MISKATONIC-i get the reference.. Us aussies might be far away but the news travels fast..

Lucky my life isnt in the limelight,make lidsys look like mother teresa's. It would make a good story tho.

Im going ok.. Heavy abuse still continueing. Coming to grips w being single again.its been 6 years..so ive got to fine tune my womanising skills. Gone are the days of good mdma pills, that would give you the confidence of ten men.

Just stupid shit like coming home to an empty apartment,cooking dinner for one.(doesnt happen much) i have a heap of friends,but i seem to want to be alone..

I'll come good,enjoying seeing your progress.mine will come soon.

You back at work or are holidays on?

Stay strong mate,dont look back. GAv
 
familiar place

I'm almost scared of turning 21 (two days), because my alcoholic tendencies are so obvious. Plus my grandfather died less than a week ago so I'm liable to further self-medication under the guise of celebration. Fuck, I must be on a dozen pills as it is. Strangely enough, alcohol is FAR from my preferred selection of abused substances. Yet I just cannot stop myself from drinking the entire bottle regardless of circumstance ("just a shot or two for anxiety around a casual small group" leading to getting completely hammered).

hi there,

happy b'day mate.. Its easy at that age to sweep alcoholism under the carpet as the partying takes over life.. I too have the same trouble as you,heavy stims use along with and followed by drinking binges where im not really affected physically.

I can have 2 maybe 3 drinks when sober of drugs,but then its the finest line possible between getting over excited and drinking 700-1125 mls of whiskey..followed by alcohol poisoning. Ive gotten so good at throwing uo that it doesnt even fase me..the next day i'll chug cold water then induce vomiting to clear the stomach bial,and feel good for 1 hour,then repeat..5-15 times.

Sorry to hear about your pop..try to take it easy on your b'day..but have your fun.

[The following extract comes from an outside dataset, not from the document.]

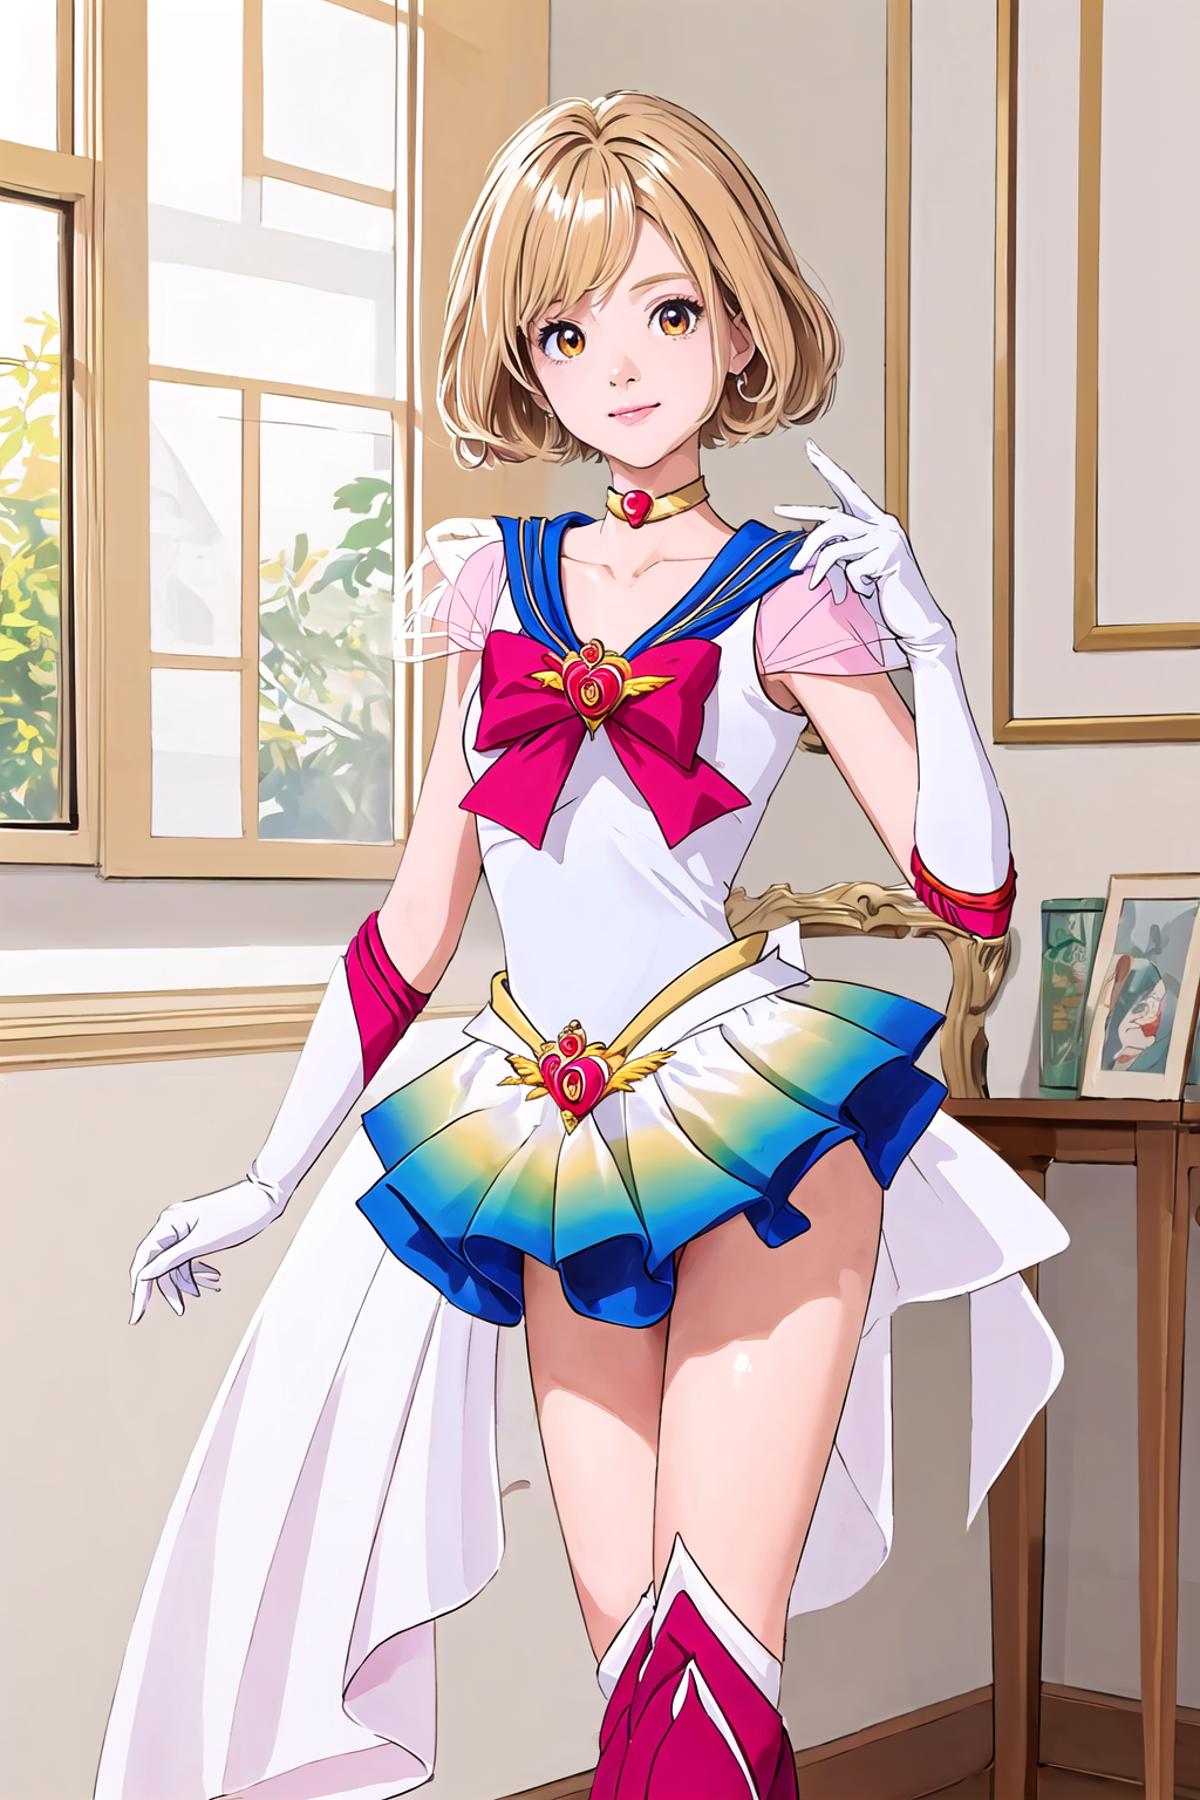 Super Sailor Moon Outfit [Costume Lora] / スーパーセーラームーン衣装 image by memolemon123

Good luck,your only young..the worlds your oyster-- and your the pearl.dont let the drink and drugs overpower that.gavaton
 
I'm almost scared of turning 21 (two days), because my alcoholic tendencies are so obvious. Plus my grandfather died less than a week ago so I'm liable to further self-medication under the guise of celebration. Fuck, I must be on a dozen pills as it is. Strangely enough, alcohol is FAR from my preferred selection of abused substances. Yet I just cannot stop myself from drinking the entire bottle regardless of circumstance ("just a shot or two for anxiety around a casual small group" leading to getting completely hammered).


if i feel fear about something, that usually a positive indicator that i am taking the situation seriously. leaving it at that can be 'safer' you know, until you are in a better place to go further into these feelings, turning them into thoughts.